*Records provided*
=======

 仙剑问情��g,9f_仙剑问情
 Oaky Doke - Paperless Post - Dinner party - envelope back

=======

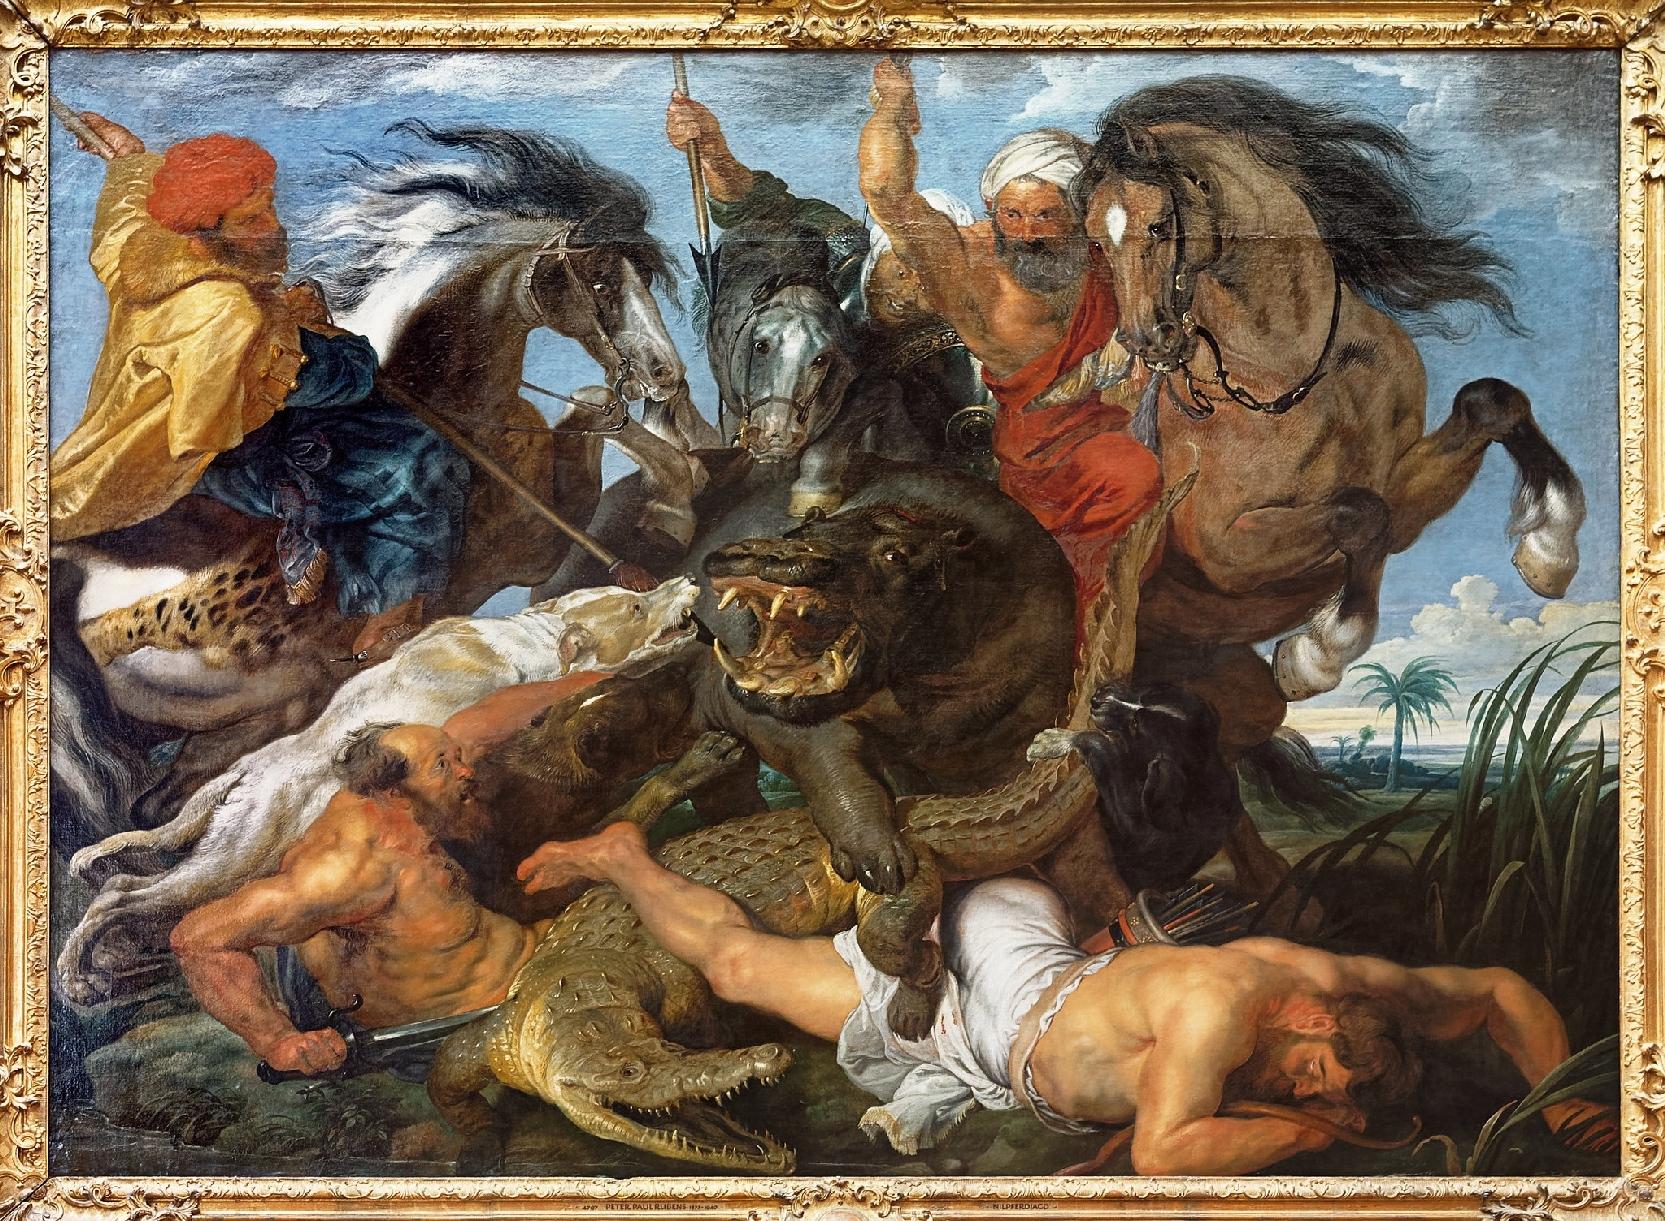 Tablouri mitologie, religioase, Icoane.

=======

*Work instruction*
The lines to extract from the data above begin with the line containing "仙剑问情��g,9f_仙剑问情" and end with the line containing "Oaky Doke - Paperless". Extract them exactly, including both.

*Exercise solution*
 仙剑问情��g,9f_仙剑问情
 Oaky Doke - Paperless Post - Dinner party - envelope back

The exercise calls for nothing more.